* [RECORDED DATA]
.....
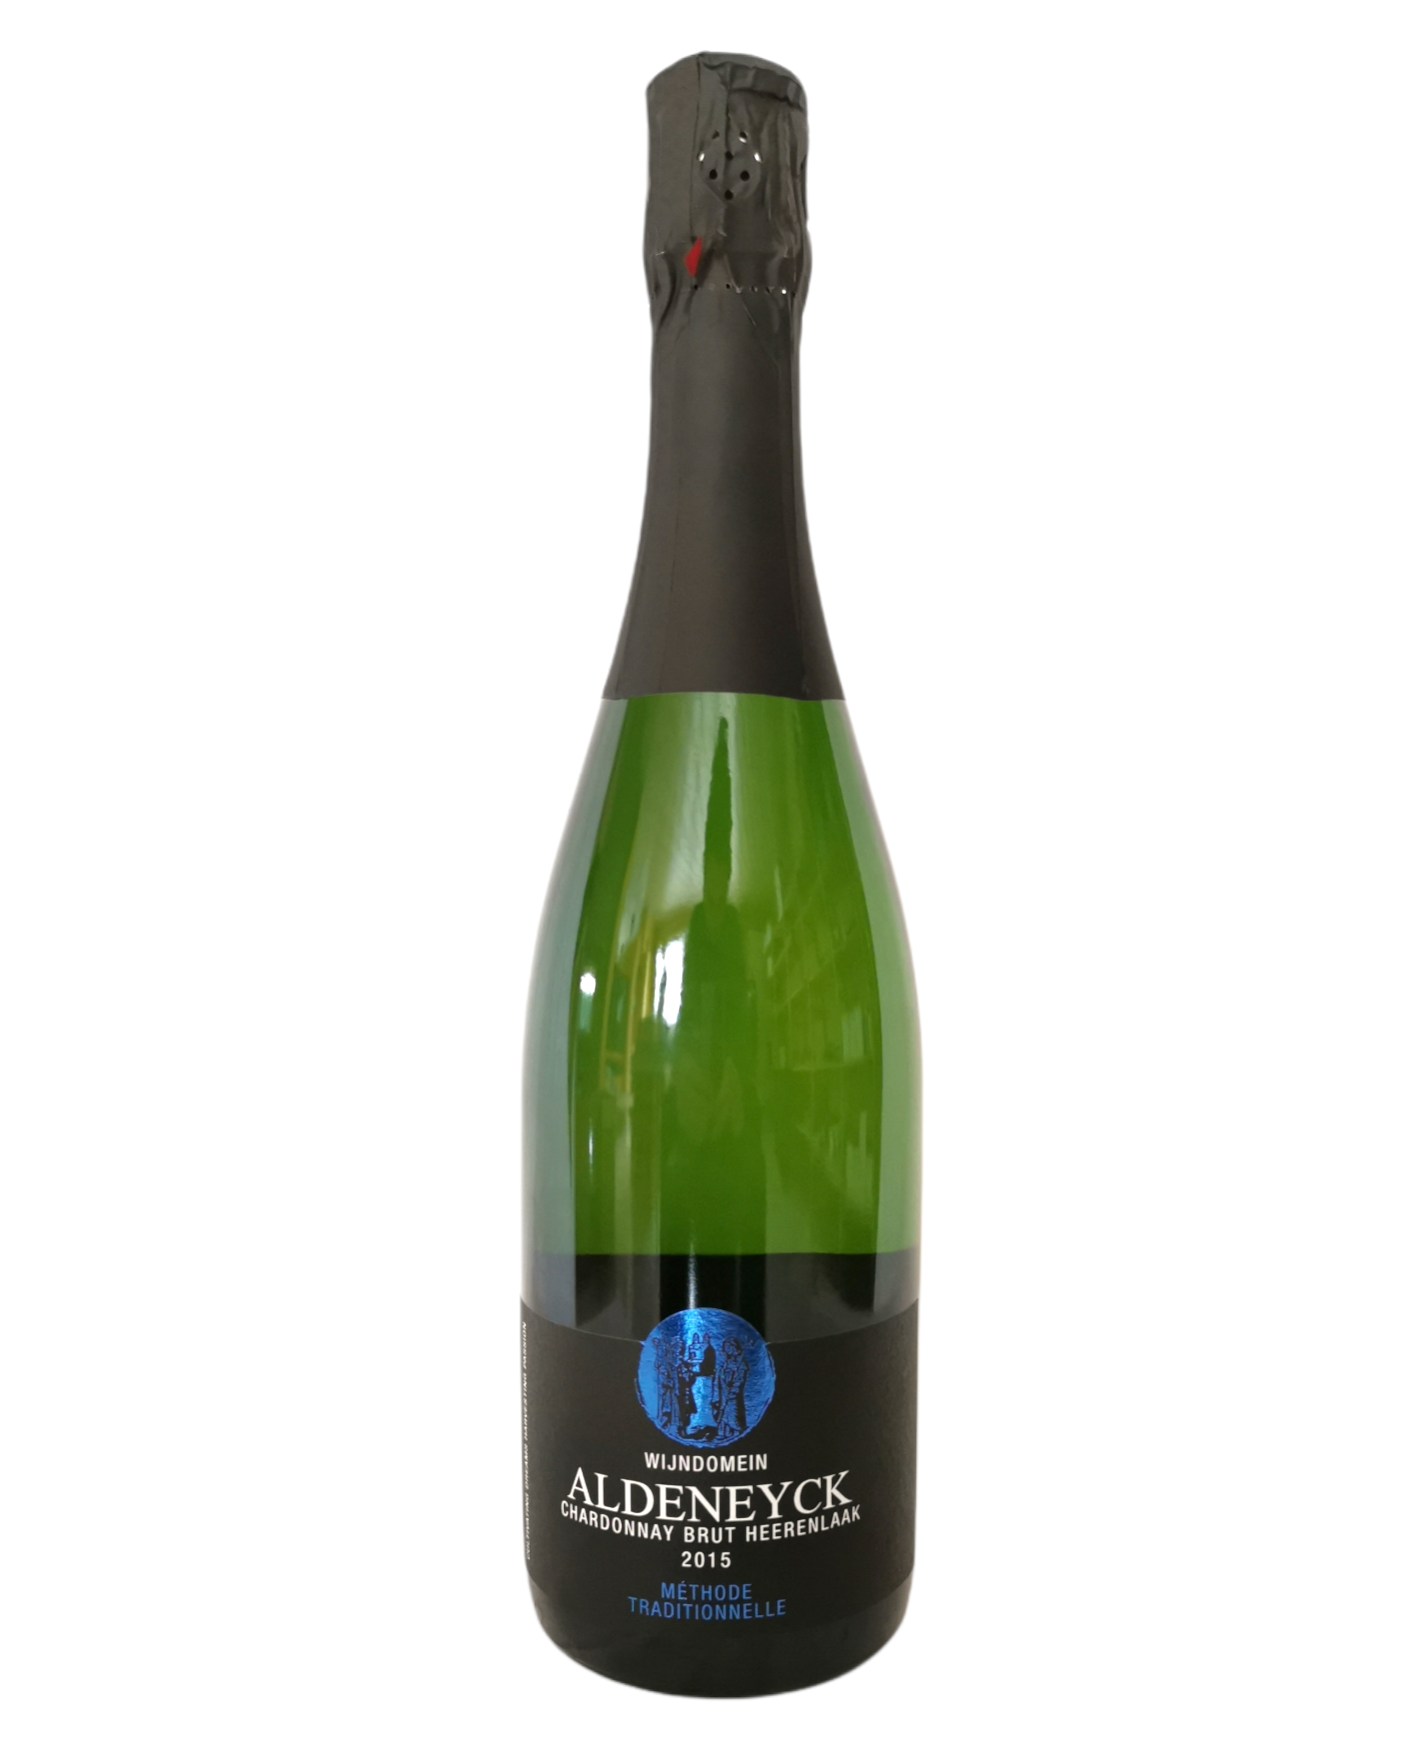 Wijndomein Aldeneyck Chardonnay brut 2015
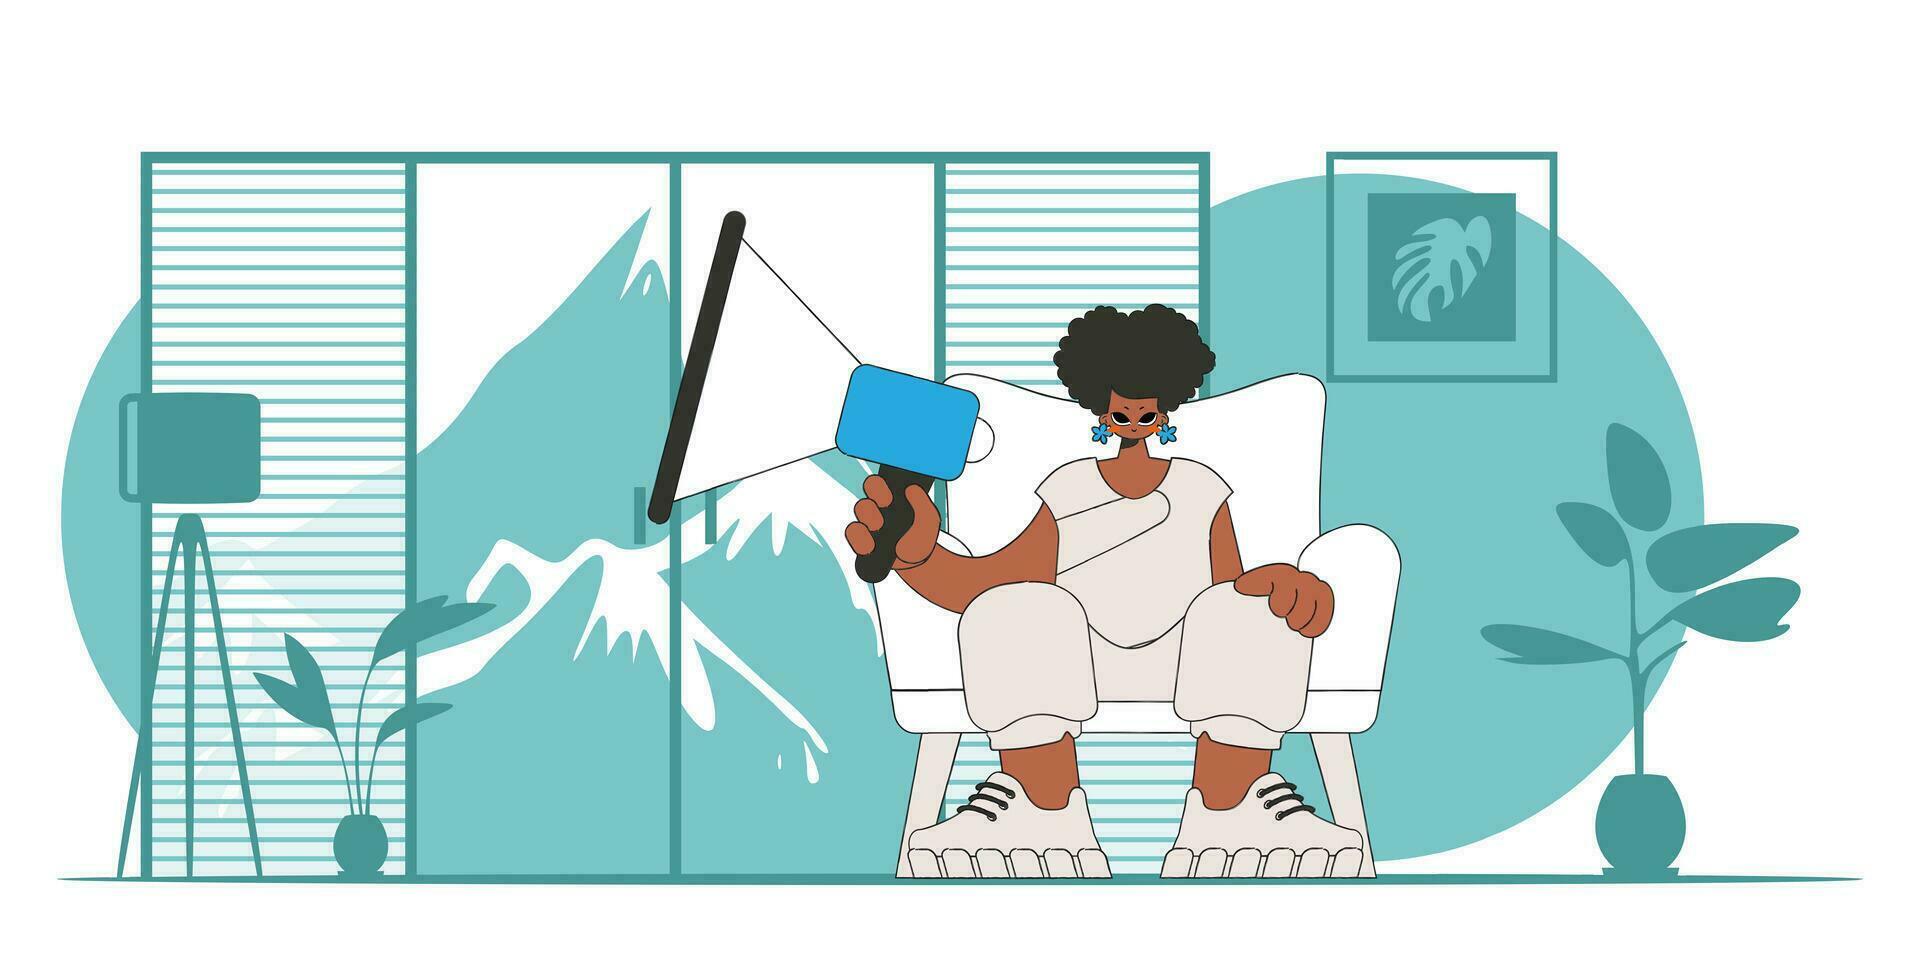 estilizado vector ilustración de un hora representante. un joven niña se sienta en un silla y sostiene un megáfono en su mano.
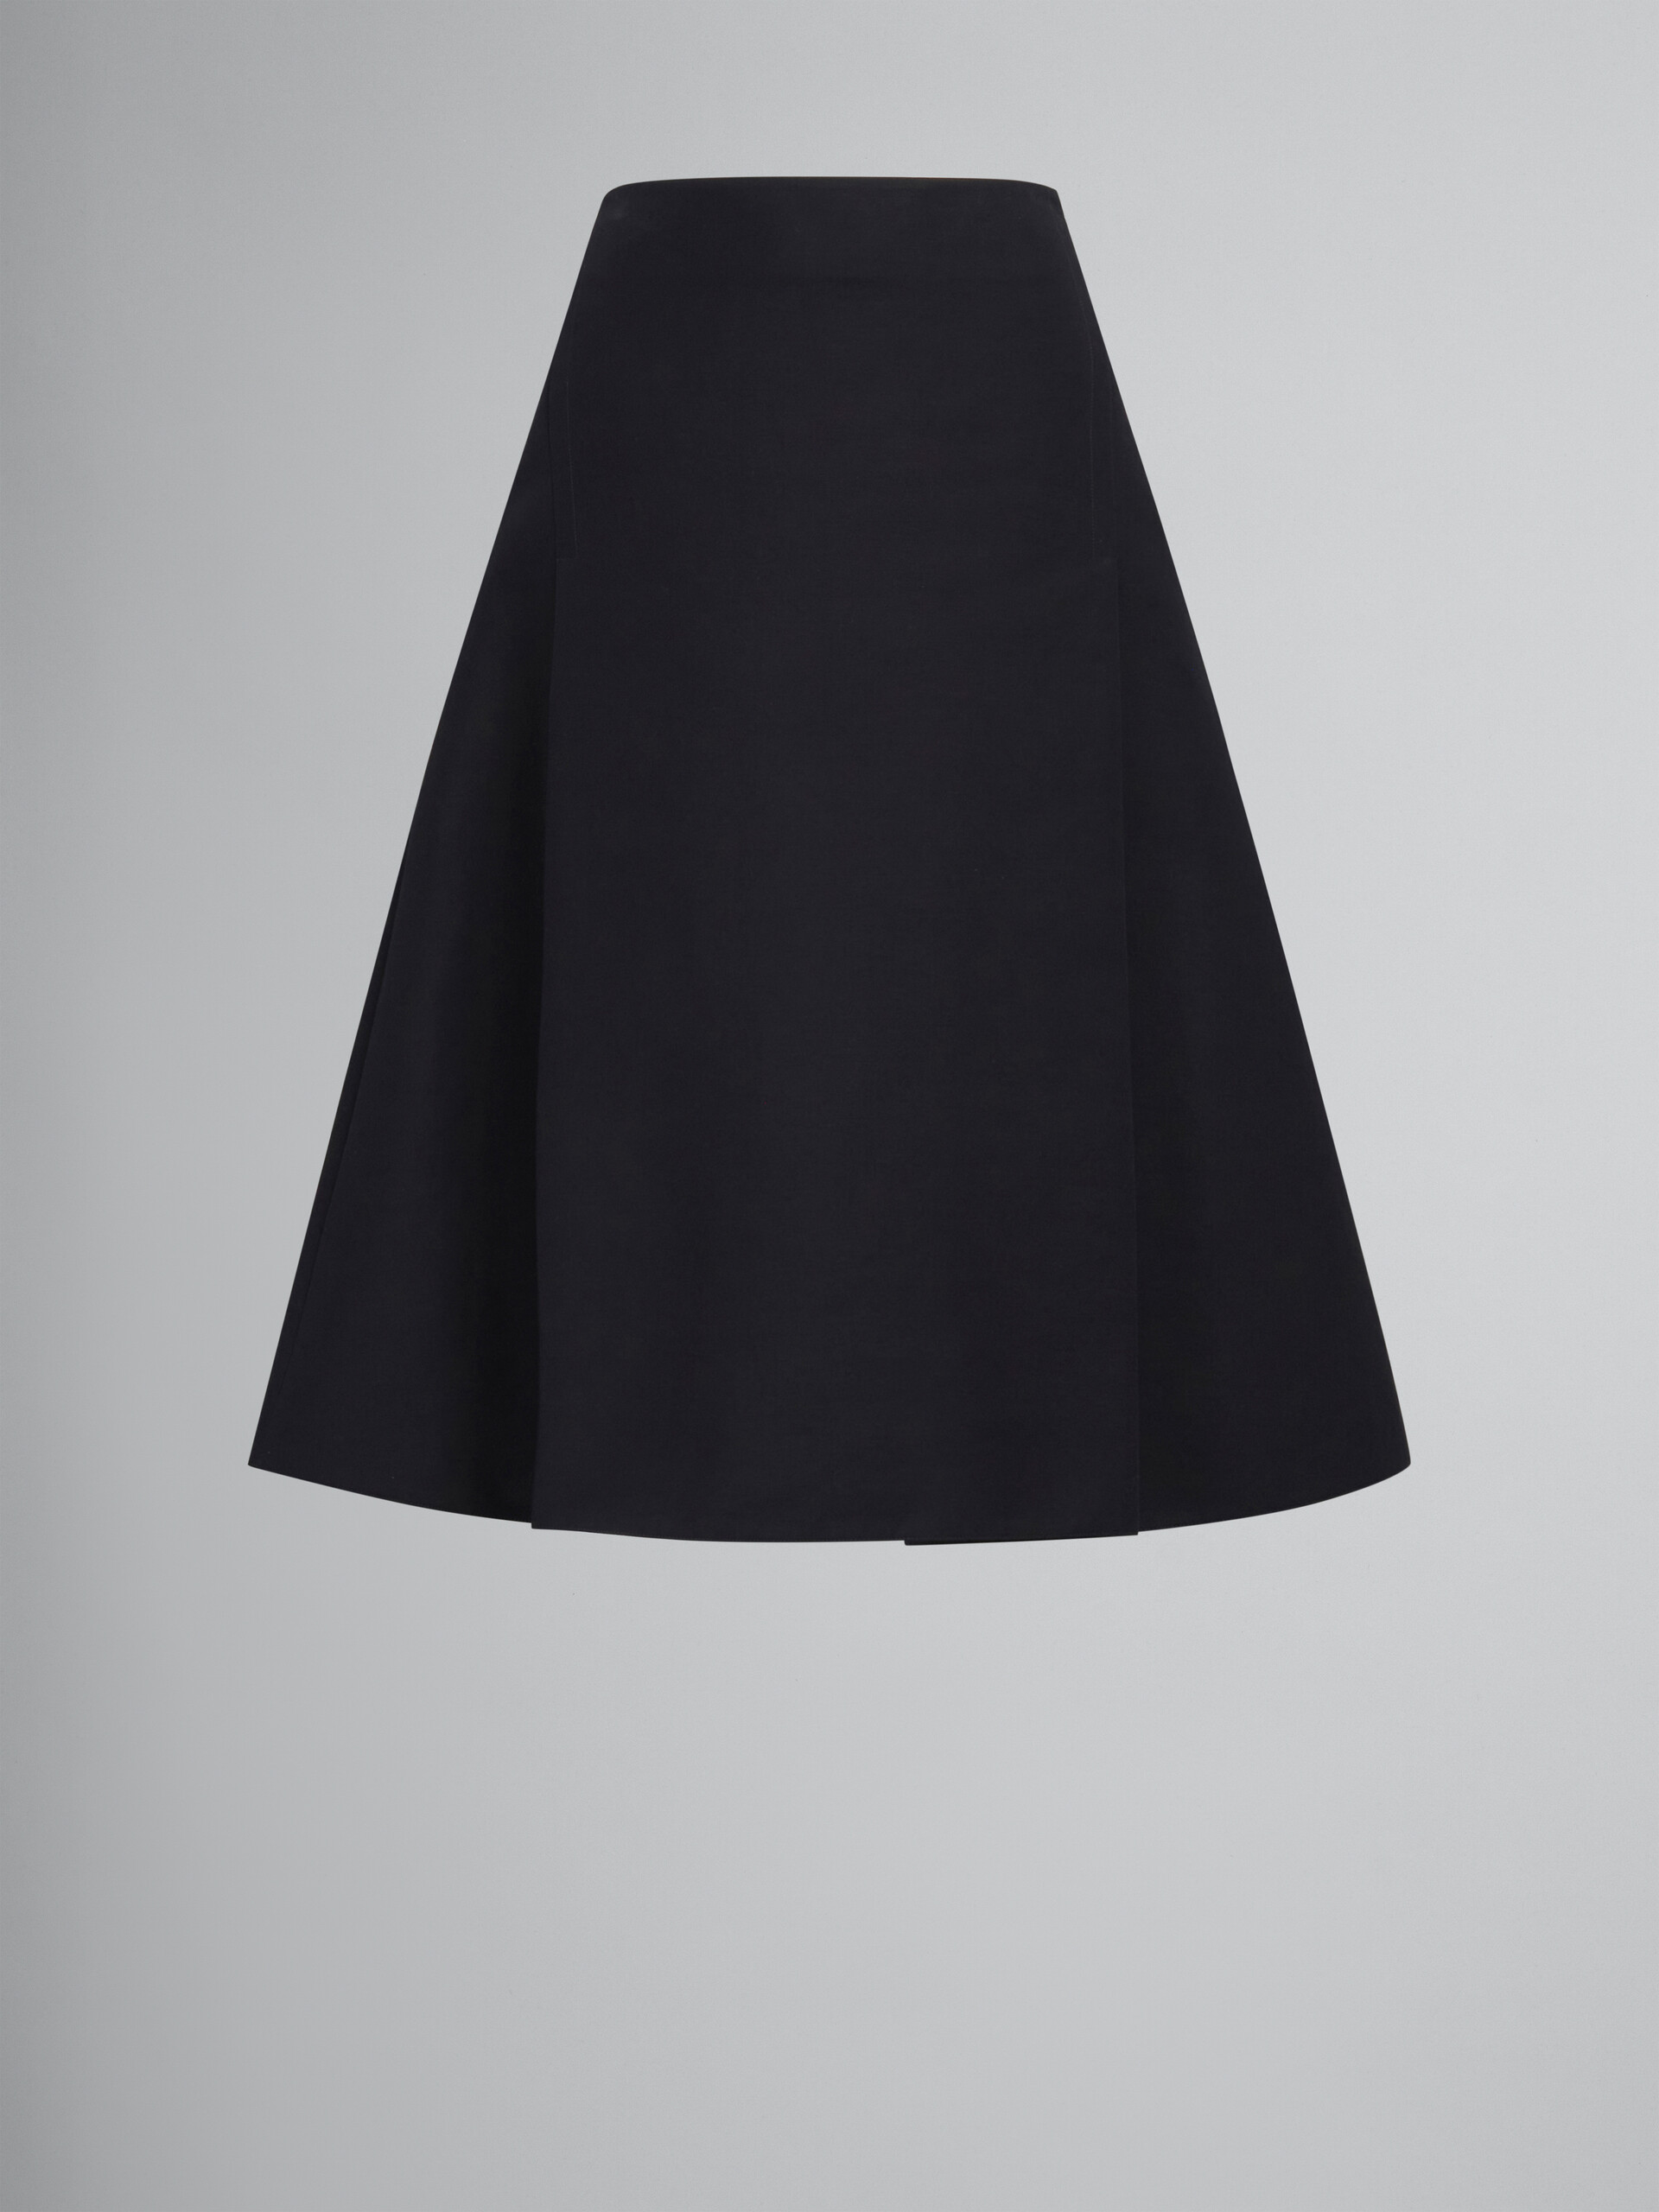 Falda midi negra de cady con maxiplisados - Faldas - Image 1
.....
* [WHAT NEEDS TO BE DONE] Print the data once more without any change, skipping each picture.

* [THE COMPLETED TASK]
 Wijndomein Aldeneyck Chardonnay brut 2015
 estilizado vector ilustración de un hora representante. un joven niña se sienta en un silla y sostiene un megáfono en su mano.
 Falda midi negra de cady con maxiplisados - Faldas - Image 1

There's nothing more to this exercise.